Records shown Start Marker

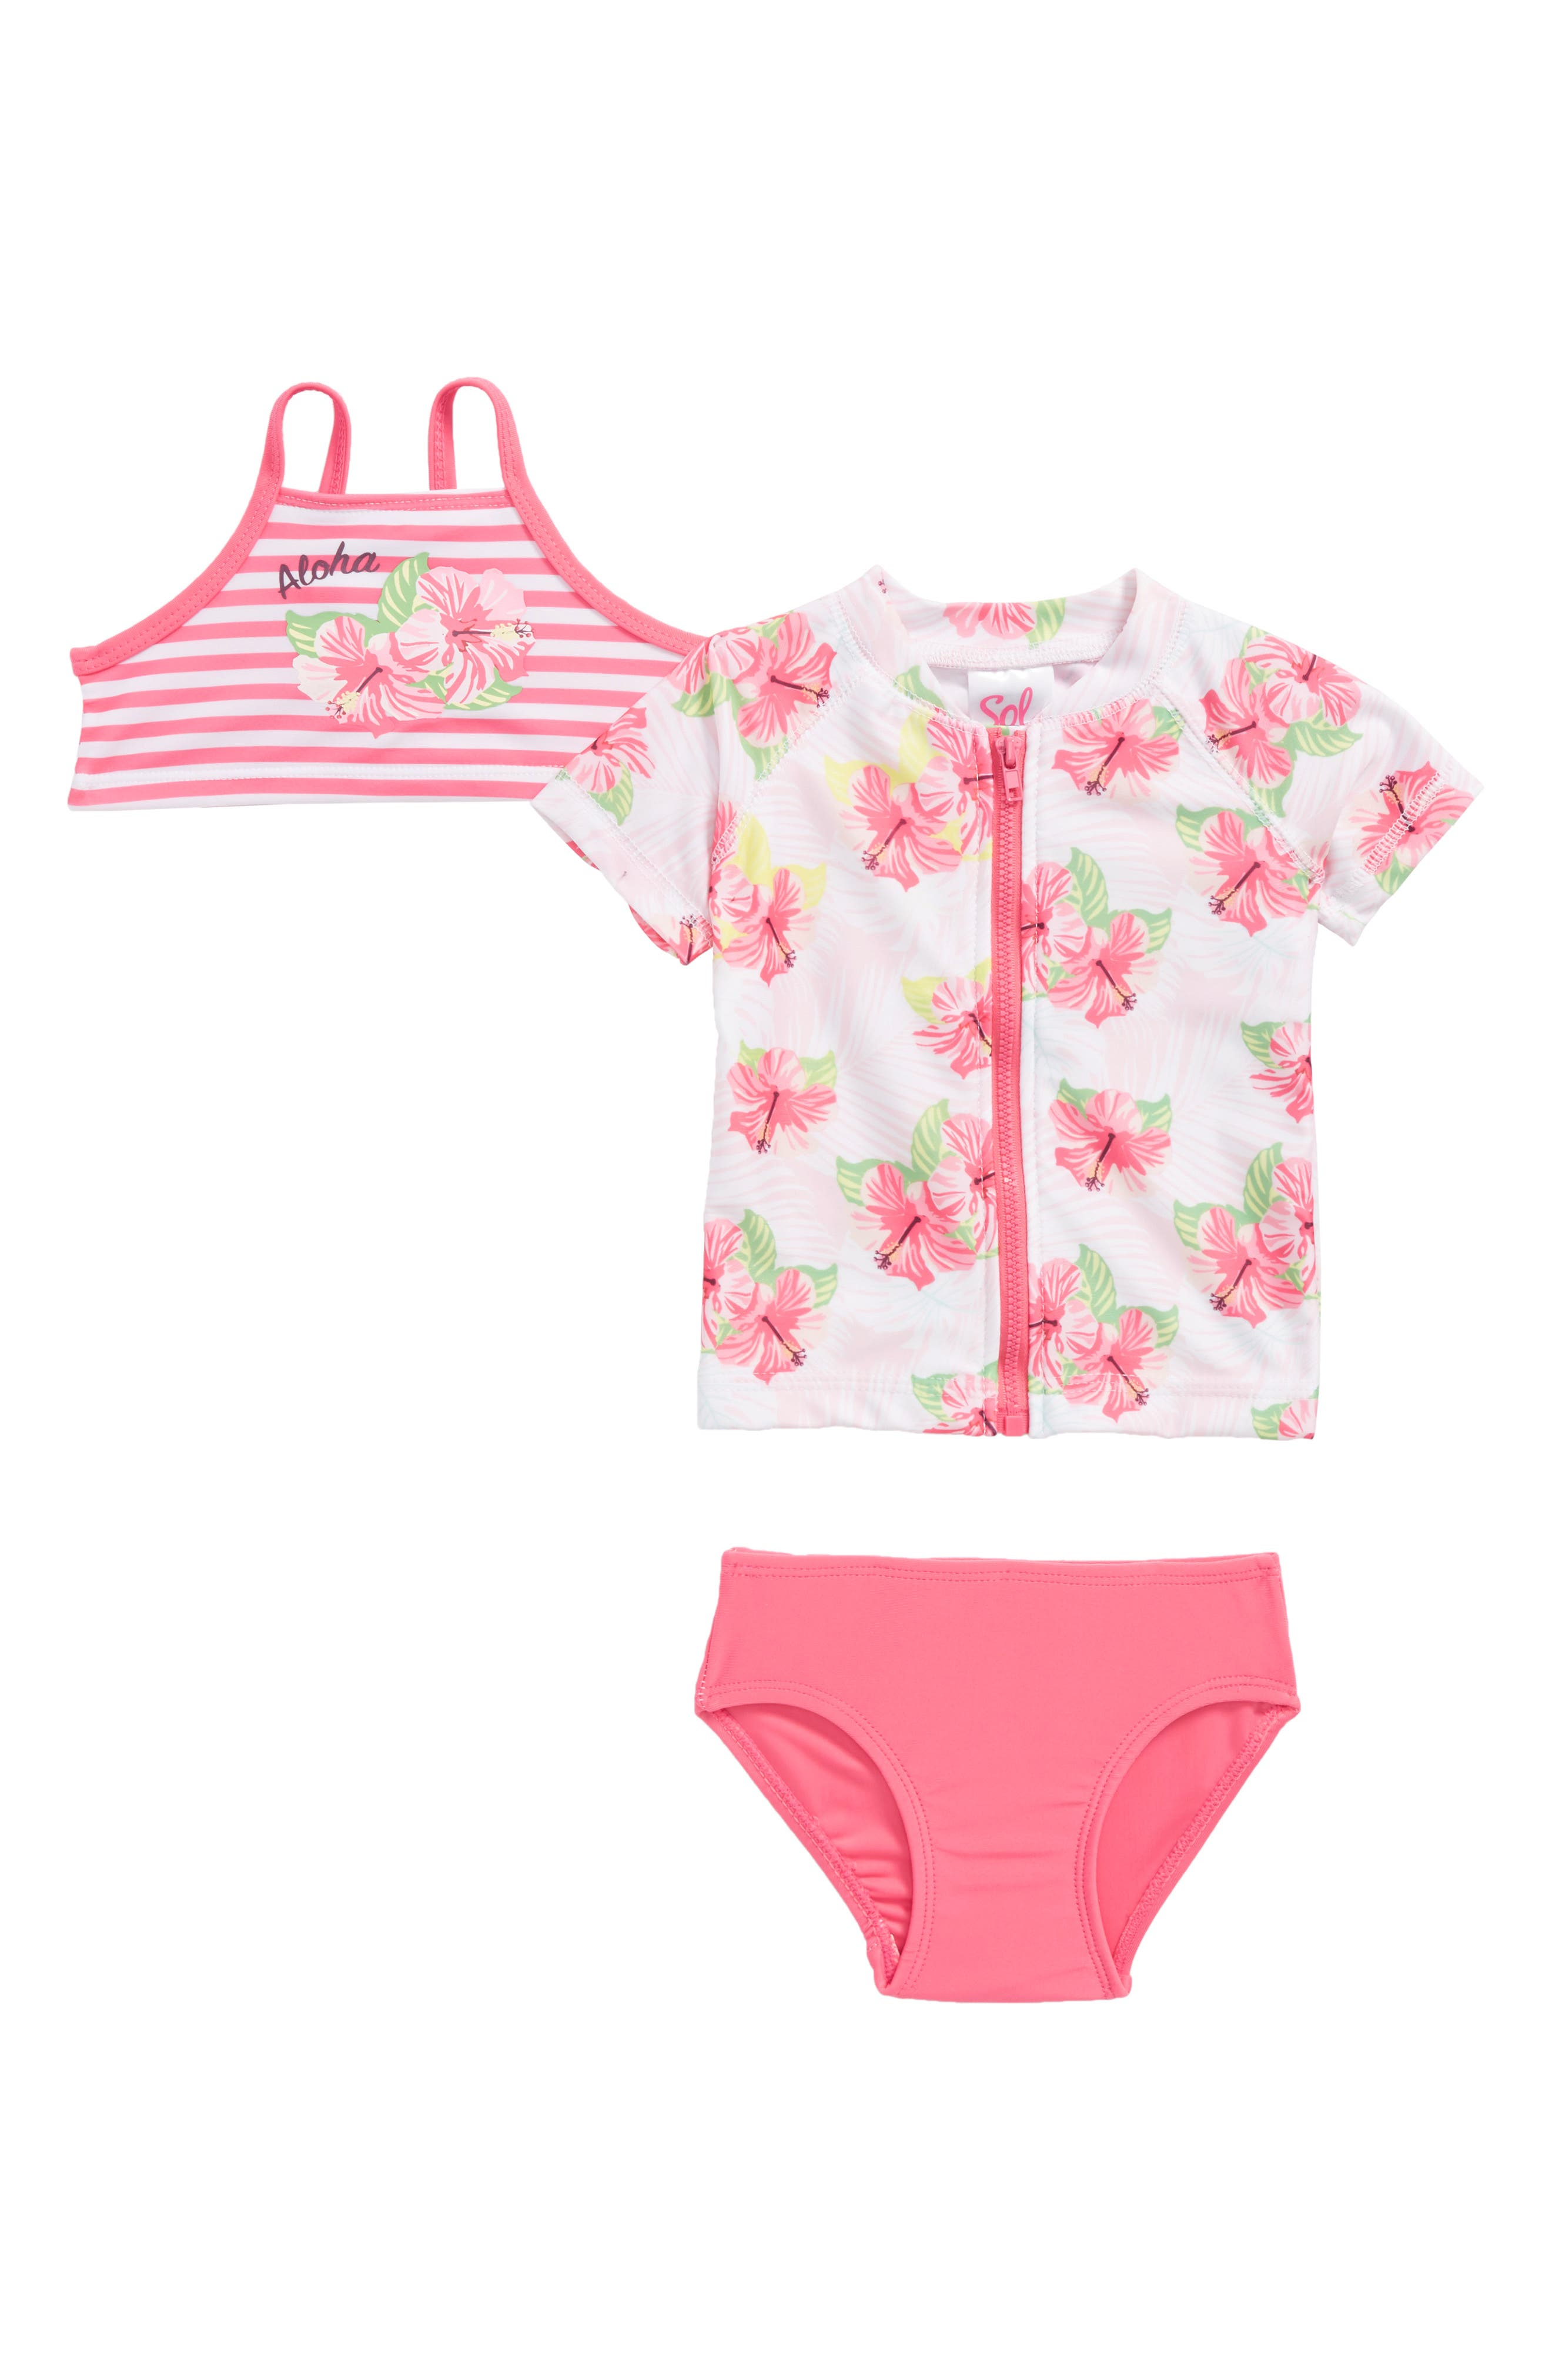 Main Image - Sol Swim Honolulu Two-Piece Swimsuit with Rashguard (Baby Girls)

Records shown End Marker
Records shown Start Marker

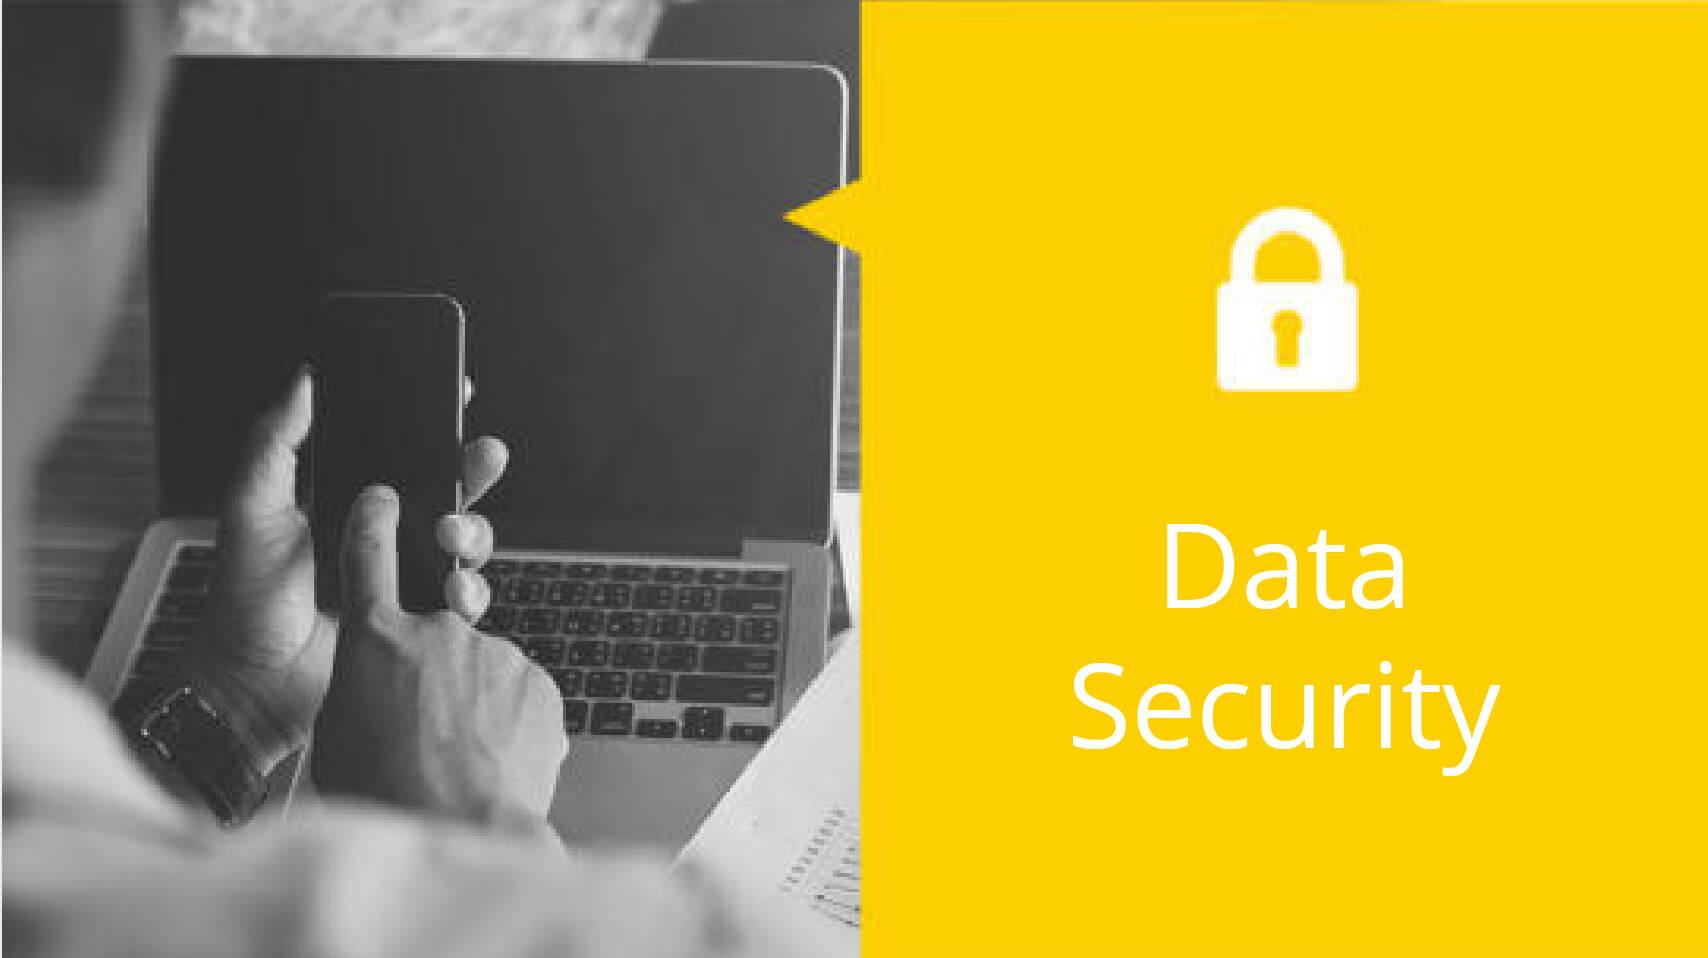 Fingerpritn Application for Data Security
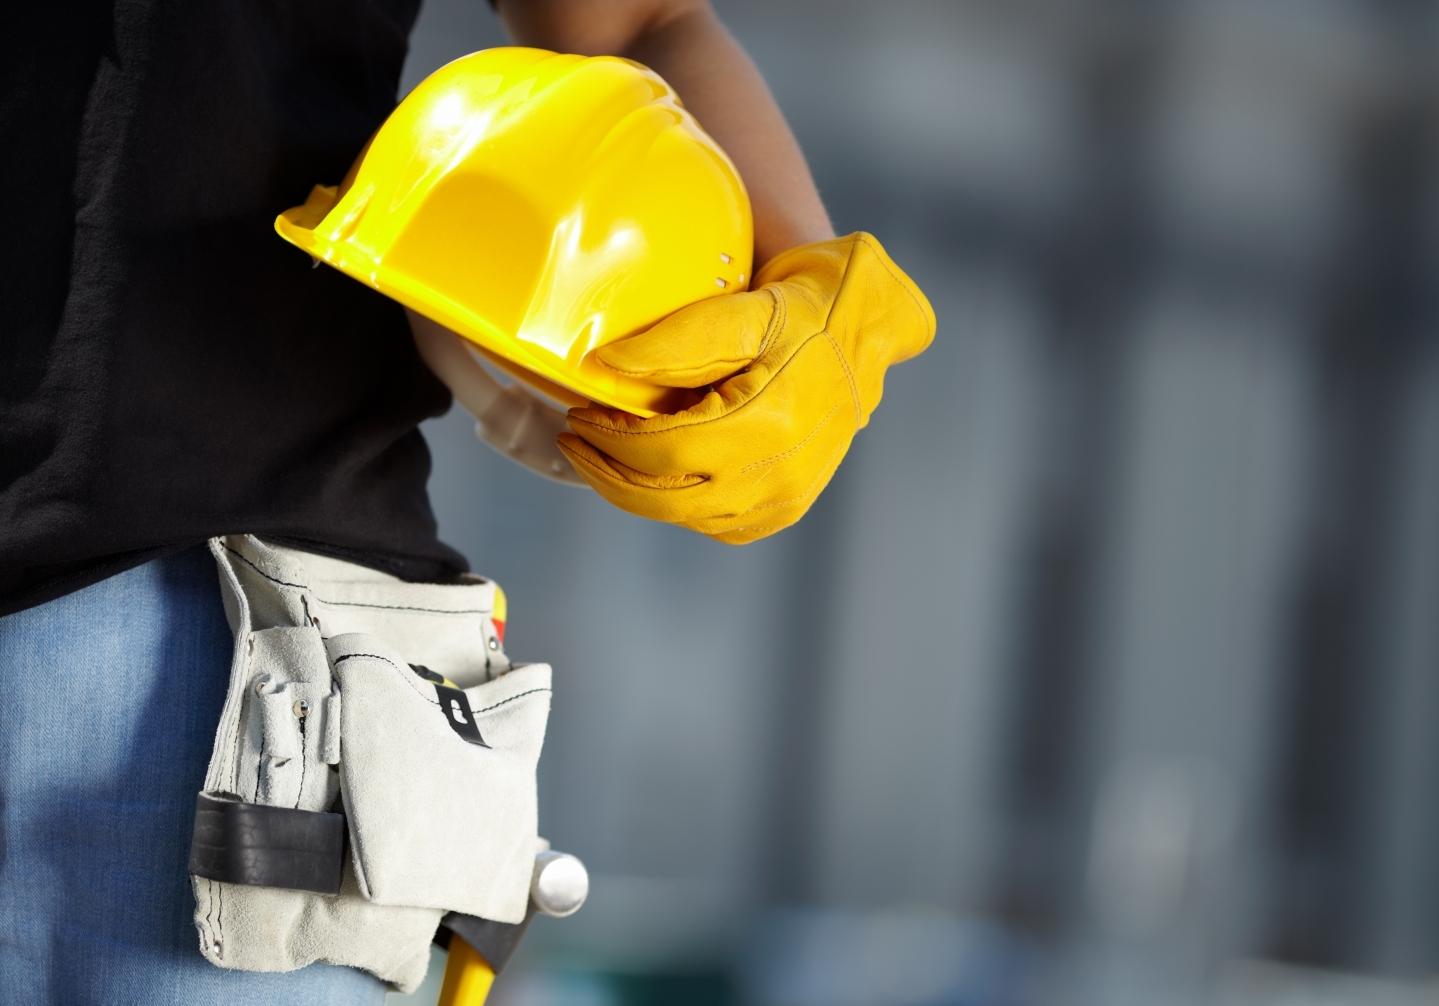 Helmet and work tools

Records shown End Marker

=== Problem description ===
Pictures do not belong in the answer. Return the lines above starting at the one with "Fingerpritn Application for Data Security" and ending at the one with "Helmet and work tools", both kept, exactly.

=== Output for this task ===
 Fingerpritn Application for Data Security
 Helmet and work tools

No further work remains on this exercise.